— Action item —
Write out exactly the lines running from the one with "1 RUE DU FIGUIER 1" to the end of the data, including both of those lines and excluding pictures.

— Source material —
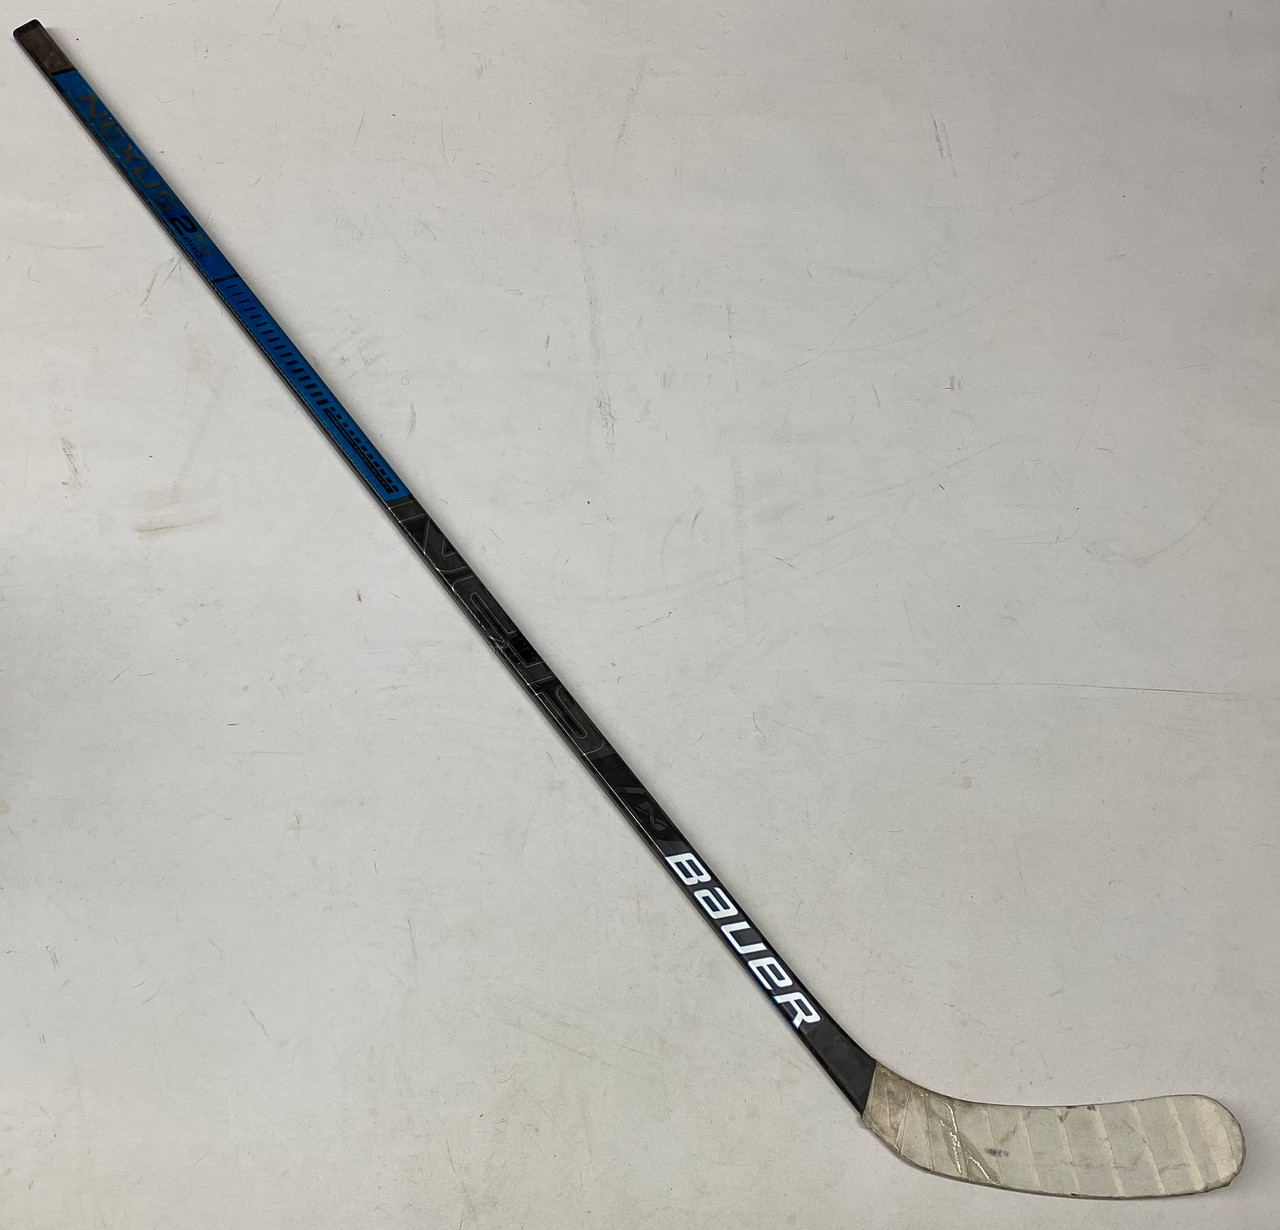 Refurb* Bauer Nexus 2N Pro LH Pro Stock Stick Grip Used P92 82 Flex ARD (2)  - DK's Hockey Shop
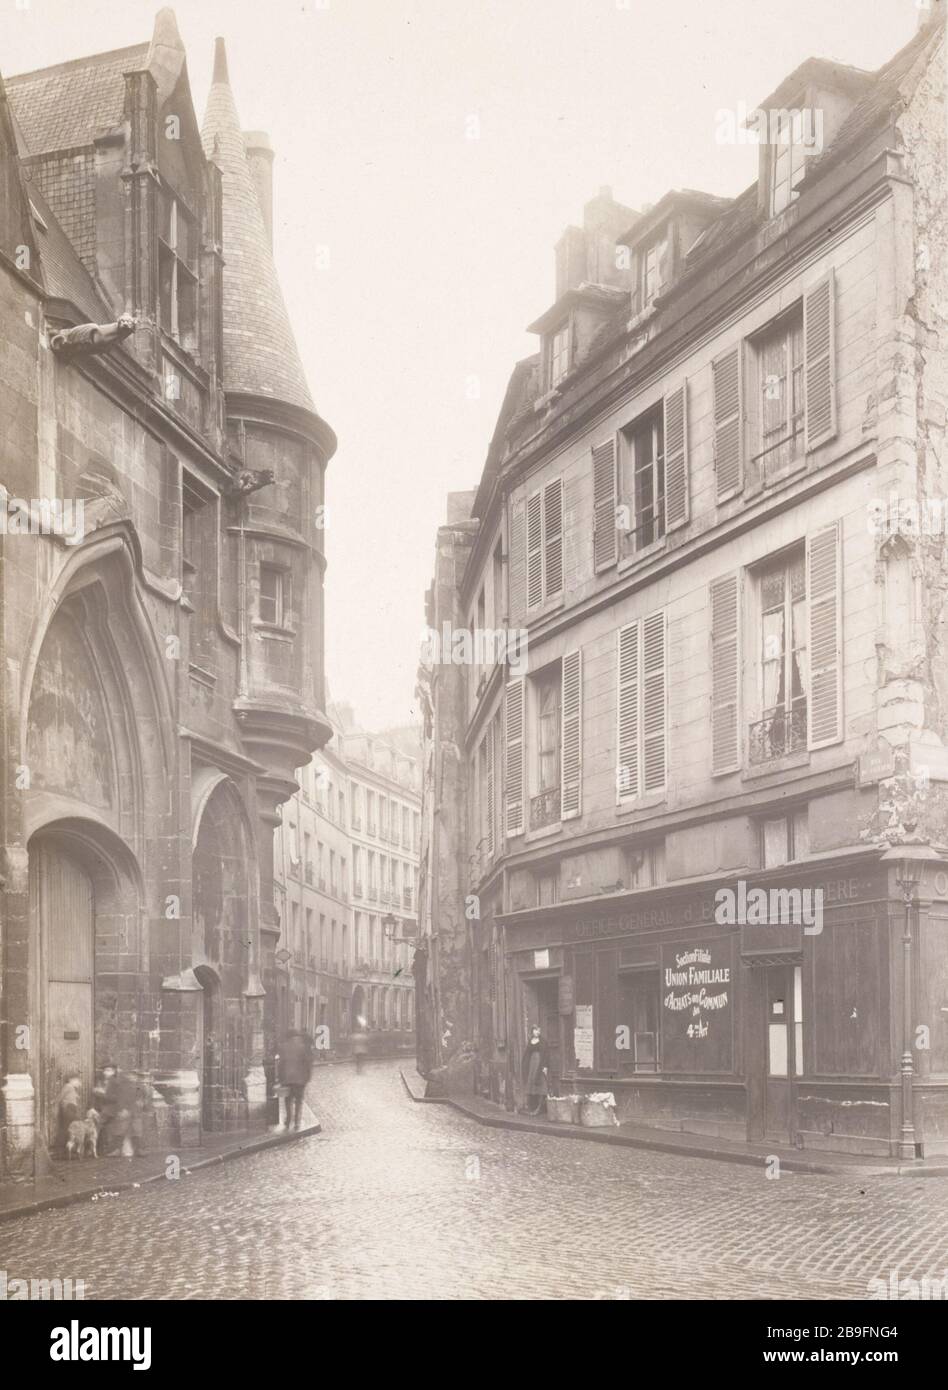 1 RUE DU FIGUIER 1 Rue du Figuier. Paris (IVème arr.). Photographie de Charles Lansiaux (1855-1939). Paris, musée Carnavalet. Stockfoto
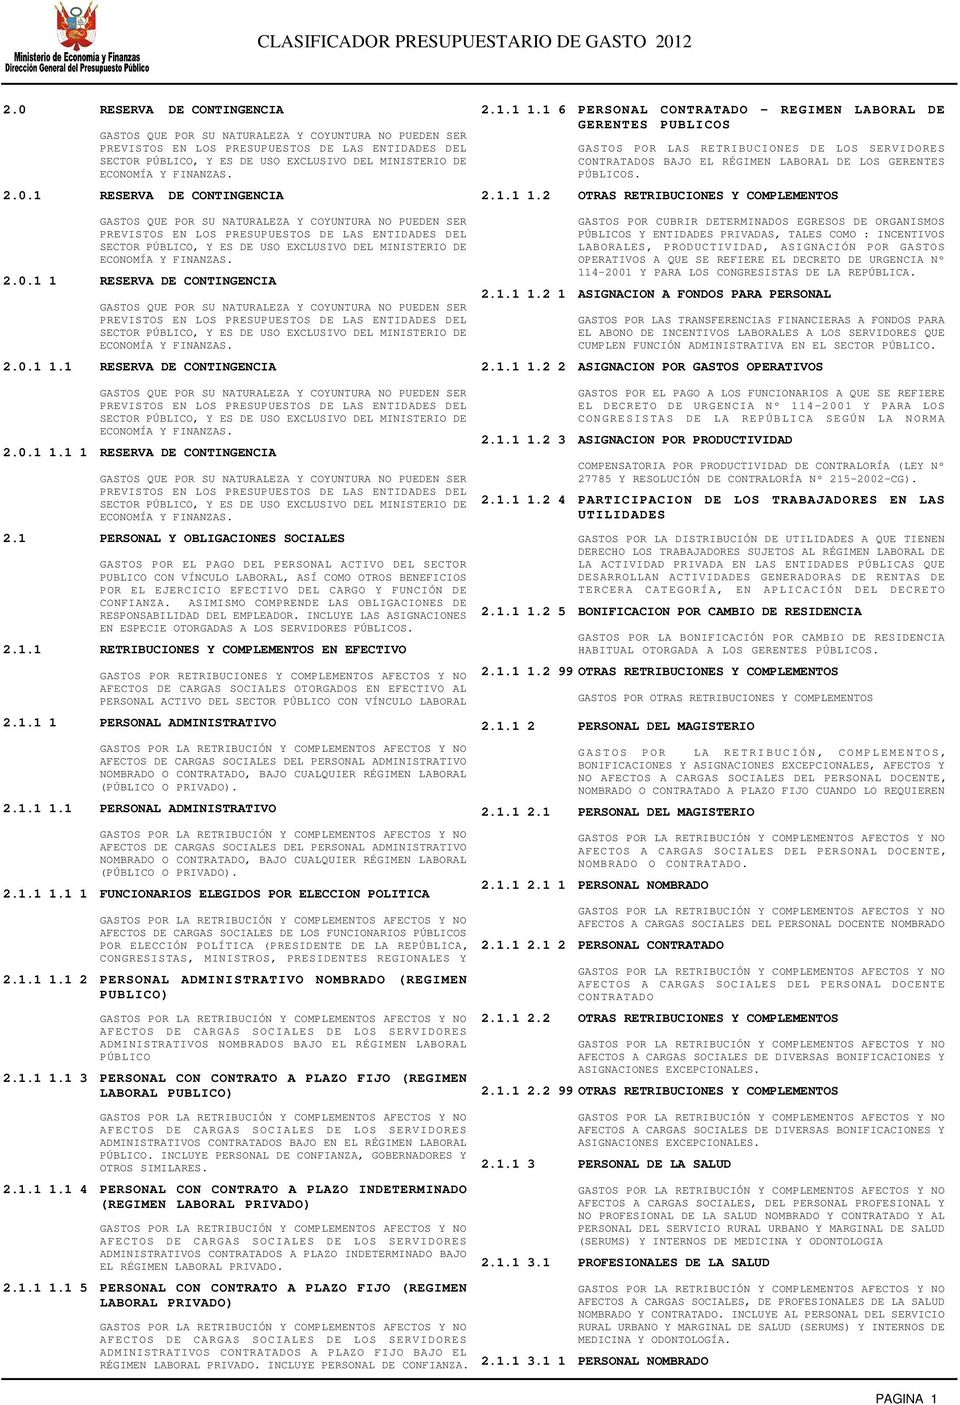 1 RESERVA DE CONTINGENCIA 2.1.1 1.2 OTRAS RETRIBUCIONES Y COMPLEMENTOS 2.0.

— Result of the task —
 1 RUE DU FIGUIER 1 Rue du Figuier. Paris (IVème arr.). Photographie de Charles Lansiaux (1855-1939). Paris, musée Carnavalet. Stockfoto
 1 RESERVA DE CONTINGENCIA 2.1.1 1.2 OTRAS RETRIBUCIONES Y COMPLEMENTOS 2.0.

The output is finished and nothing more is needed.